◆ INPUT DATA ◆
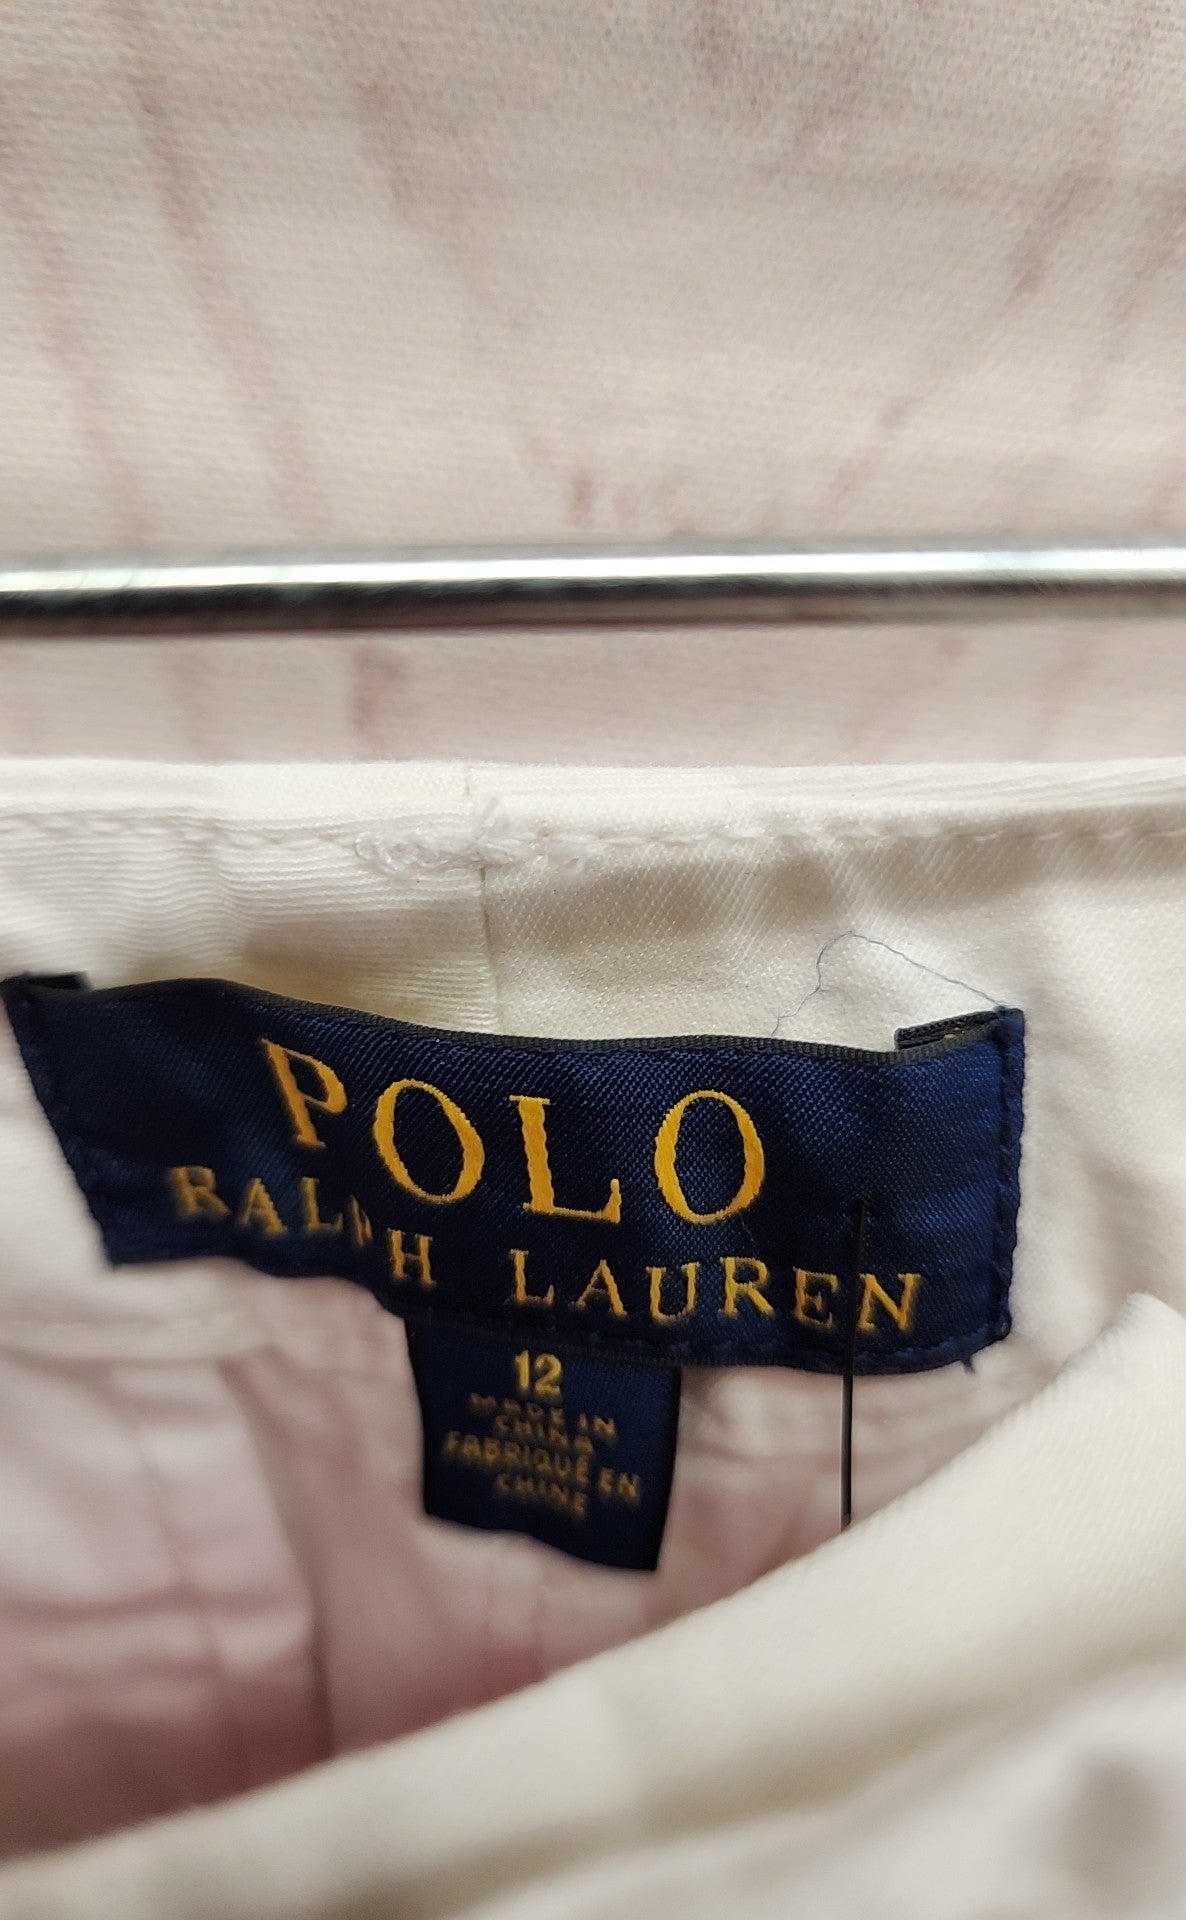 Polo by Ralph Lauren Boy's Size 12 White Pants
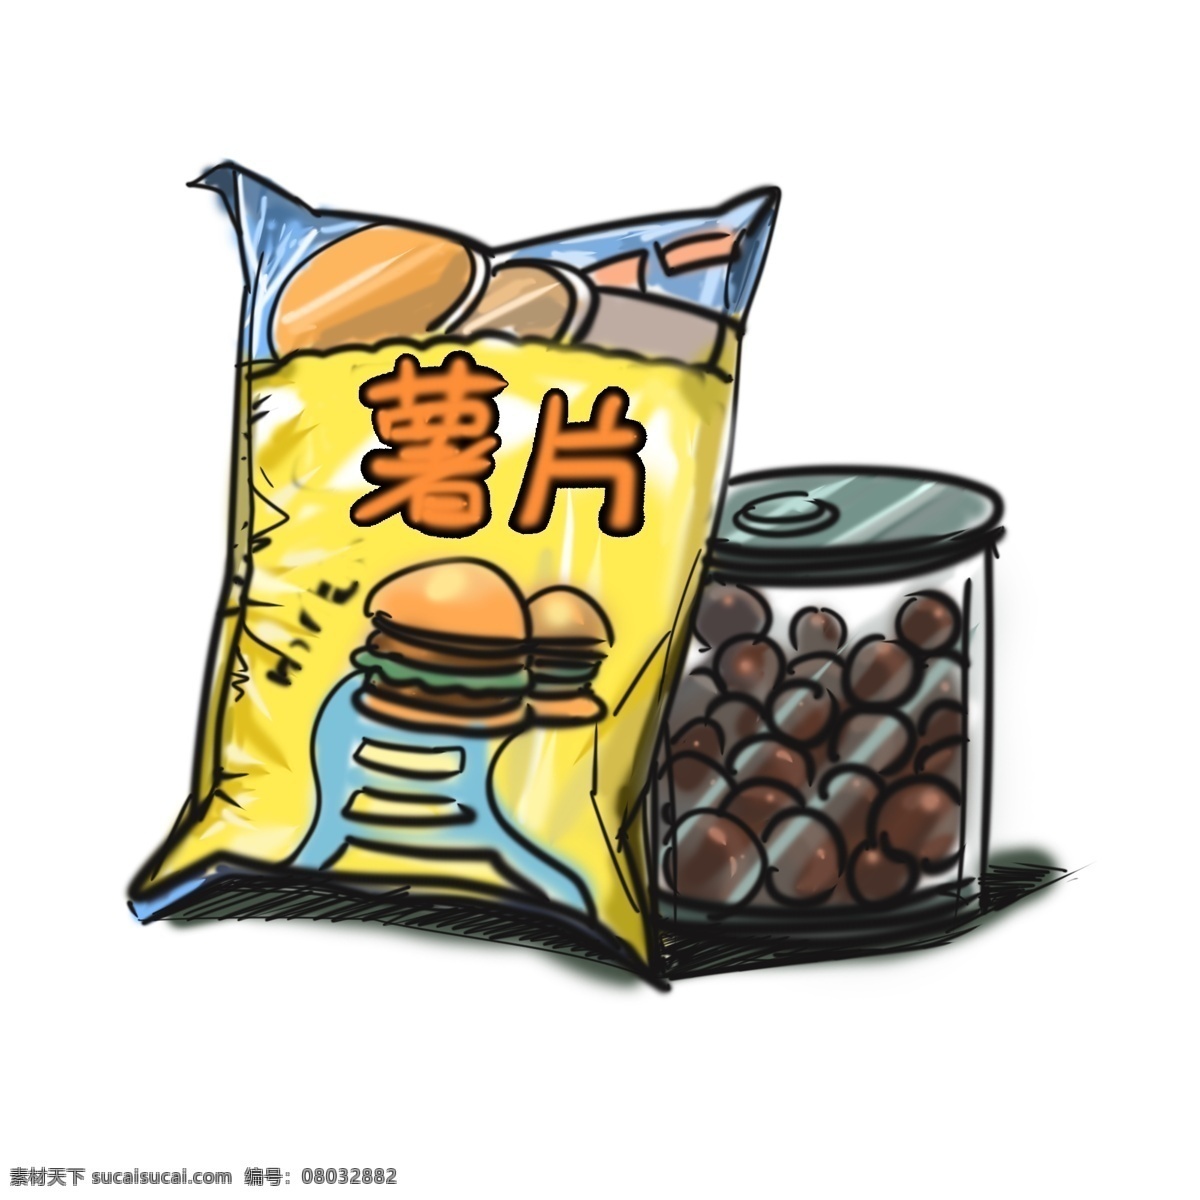 零食 主题 薯片 巧克力 卡通 手绘 汉堡口味 黄色包装 巧克力豆 罐装可可豆 美食 卡通风格 插画手绘
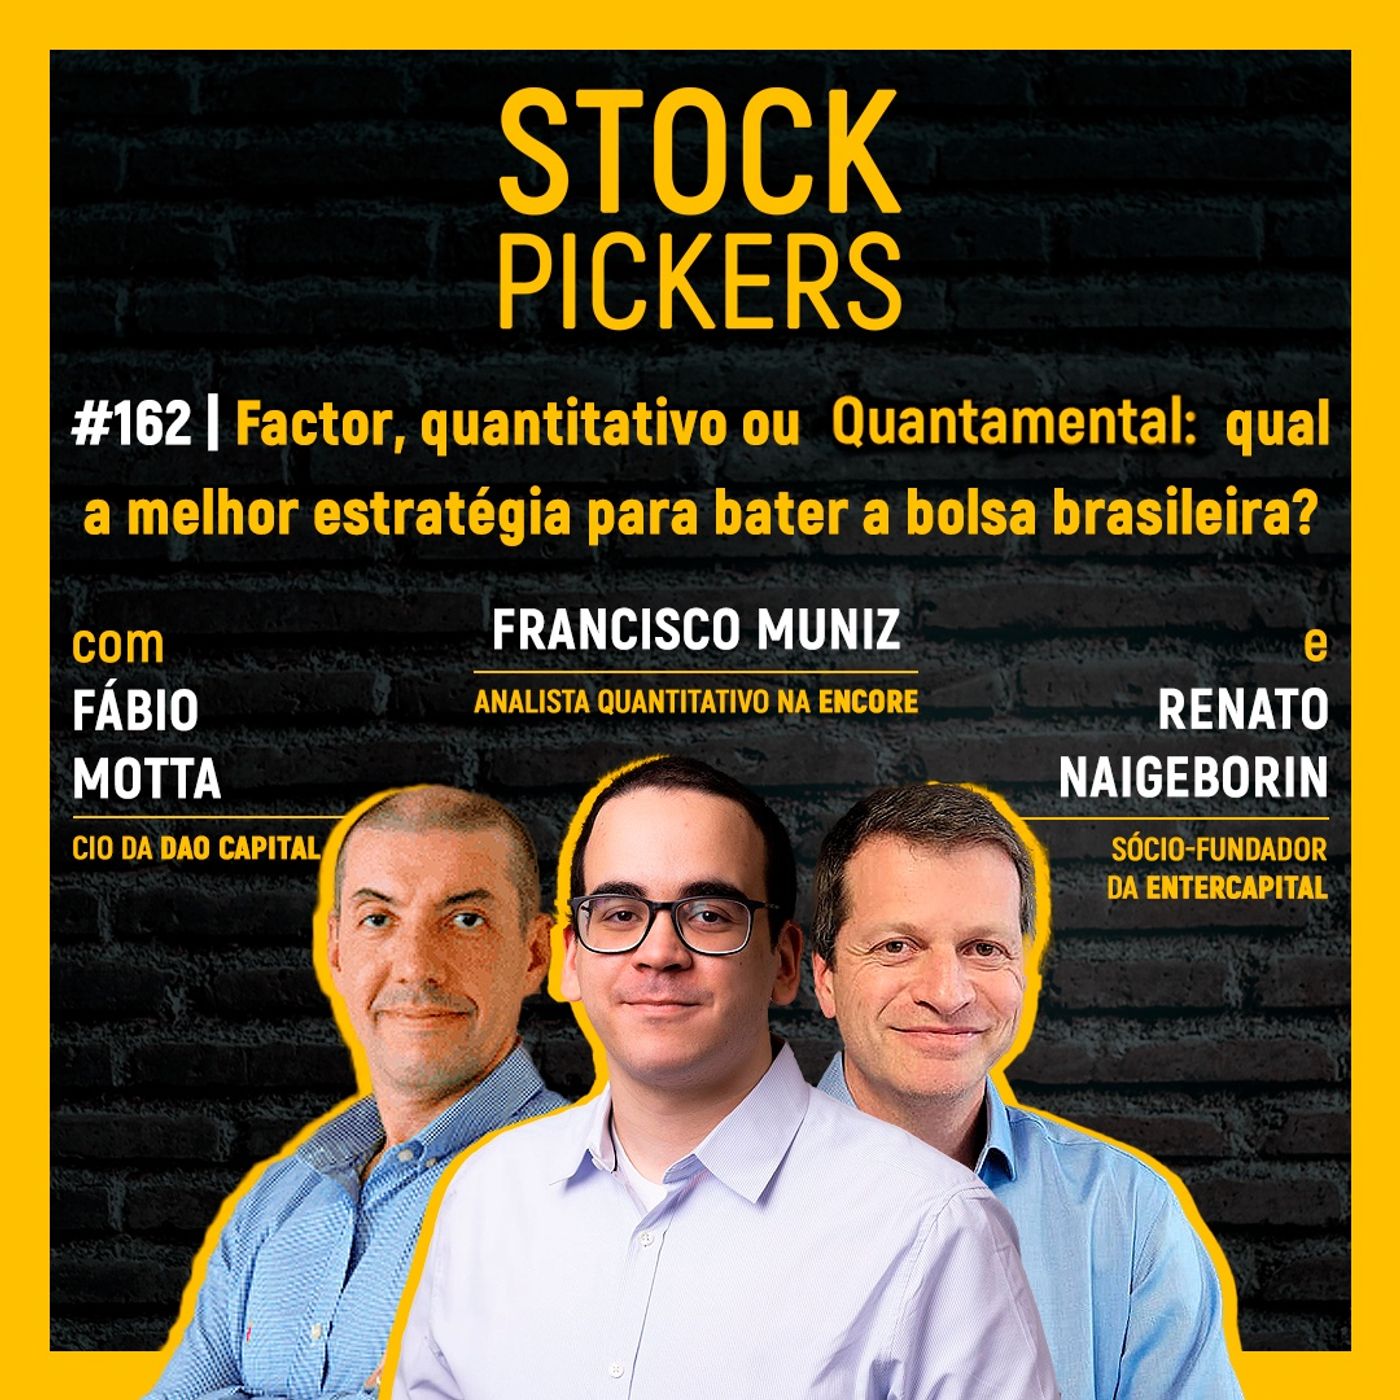 #162 Factor, quantitativo ou Quantamental: qual a melhor estratégia para bater a bolsa brasileira?

◆ TASK ◆
Your reply should hold exactly the lines from the line containing "零食 主题 薯片 巧克力" through the final line of the listing, and none of the pictures.

◆ ANSWER ◆
 零食 主题 薯片 巧克力 卡通 手绘 汉堡口味 黄色包装 巧克力豆 罐装可可豆 美食 卡通风格 插画手绘
 #162 Factor, quantitativo ou Quantamental: qual a melhor estratégia para bater a bolsa brasileira?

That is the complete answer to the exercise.